Читаем Мемуары полностью

Я назвал эту главу «Annus mirabilis» в память о Байроне, определившем таким образом год, когда публикация «Чайльд-Гарольда» внезапно открыла молодому безвестному поэту двери дворцов и сердец. В моем случае все было совсем по-другому, но старый человек испытывал не меньшую радость от благожелательности, окружавшей его последнюю книгу. Радость эту дополнил еще один успех, правда, не столь значительный. Экономист и философ Жак Рюефф[504] был только что избран во Французскую академию. А Андре Шамсон, который согласно регламенту сообщества должен был его принимать, не решался выступать с речью. Экономические доктрины приводили его в ужас; и хотя он был превосходным оратором, одним из лучших в Академии, он чувствовал, что это не его область. Наш бессменный секретарь, мой близкий друг Морис Женевуа обратился ко мне с просьбой взять на себя эту задачу. Для этого требовалось изрядно потрудиться, поскольку Жак Рюефф написал много и на сложные темы, но у меня всегда была противоестественная склонность к трудностям. Я согласился и с головой погрузился в работу.

И был вознагражден. Тема оказалась не только не скучной — я нашел увлекательный сюжет. В ранней молодости Жак Рюефф занимался финансовой историей Франции, тесно связанной с историей политической.
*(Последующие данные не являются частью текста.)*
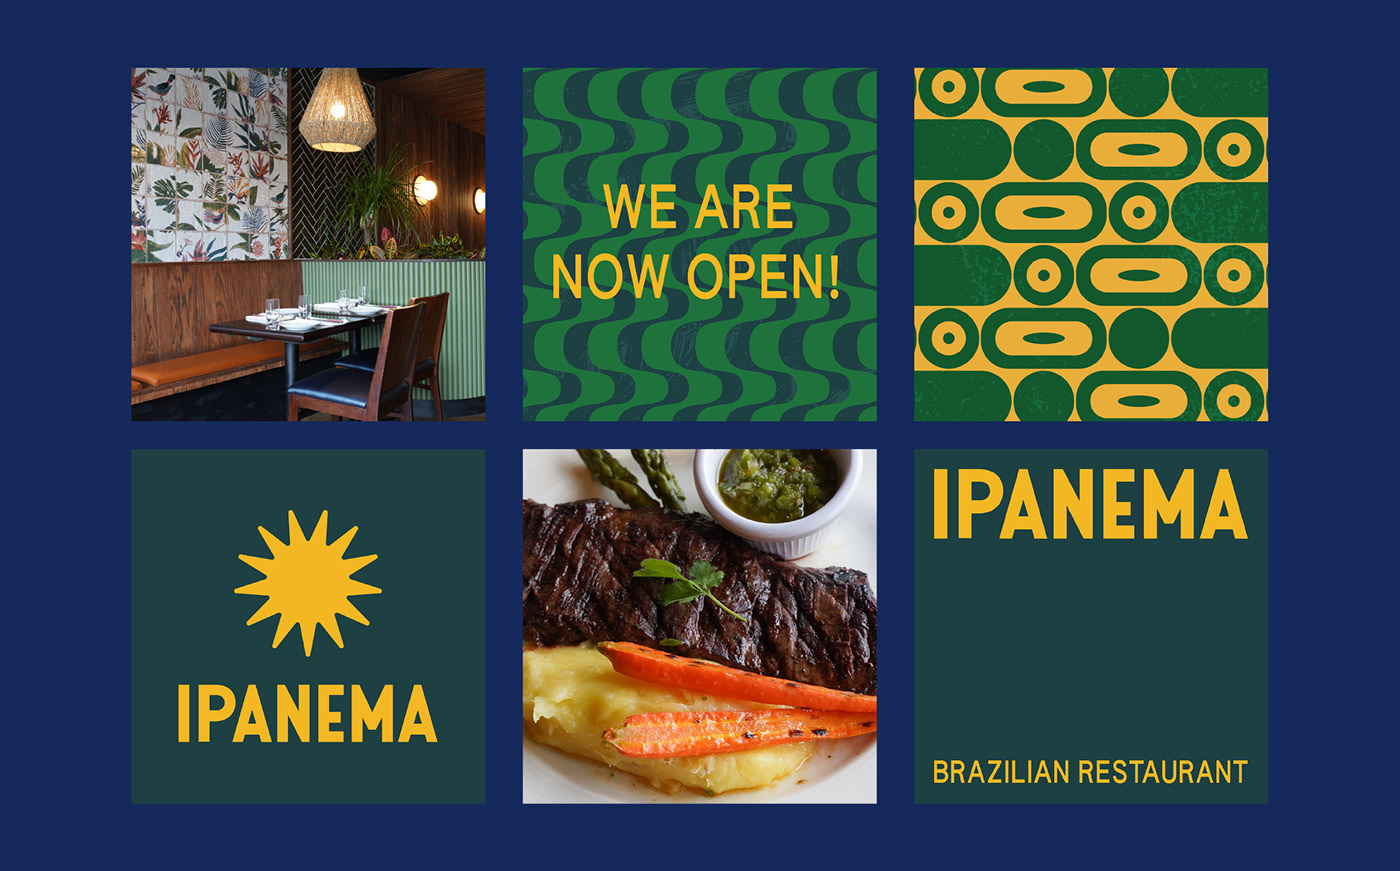 beach branding  Brazil Food  ILLUSTRATION  ipanema Packaging pattern restaurant south american

Об этом рассказывалось легко, с юмором, и я увидел, что некоторые колоритные оценки могли дать пишу для «анекдотов», необходимых академическому красноречию, чтобы с помощью пикантности стиля или парадоксальности контрастов внести оживление в весьма унылый тон долгих заседаний. Когда настал день принятия, Рюефф пригласил абсолютно всех своих бывших и нынешних начальников. Под куполом Института в первом ряду слушателей Поль Рено и Антуан Пине[505] сидели рядом с Кув де Мюрвилем[506], Кристианом Фуше[507], Пейрефитом[508] и Палевски[509]. Партер занимали не королевы, как у Кокто, но министры. Жак Рюефф шел на место Жака Кокто, и мне таким образом пришлось помянуть последнего (с величайшей любовью и грустью) в том же самом месте, Где я принимал его десять лет назад. Речь моя имела счастье прийтись по душе этой взыскательной аудитории. Я думаю, благодаря успеху «Бальзака» и успеху этой речи глава государства и Совет министров выбрали меня для вручения 14 июля 1965 года единственного присужденного в тот раз Большого Креста Почетного Легиона. Почему не признать, что это меня обрадовало? Я, конечно, не хуже Марка Аврелия и Алена знаю, что ленточка — это всего лишь ленточка, какой бы широкой она ни была, но эта ленточка связана с великими историческими воспоминаниями. Ребенком я с восхищением смотрел, как она красовалась на груди президента Сади Карно. Мне она напоминала о родителях, которые были бы так счастливы, и о вручении призов во дворе руанской школы, под навесом в красную и белую полоску.

Между тем труды следовали за трудами, время шло, и понемногу я вместе со своими друзьями Франсуа Мориаком и Жюлем Роменом становился своего рода патриархом в литературе. Сам я этого не замечал; сердце оставалось молодым, почти наивным; мне до сих пор часто казалось, что я переживаю «утраченные иллюзии». На самом деле их утрачивают постоянно и постоянно питают новые. Я чувствовал себя начинающим литератором, которому еще только предстоит все написать, как вдруг, обернувшись, видел за собой длинную вереницу томов. От этого кружилась голова. Я бы охотно сказал (фраза Арагона): «Как я еще на себя похож; а все остальное мне что, приснилось?»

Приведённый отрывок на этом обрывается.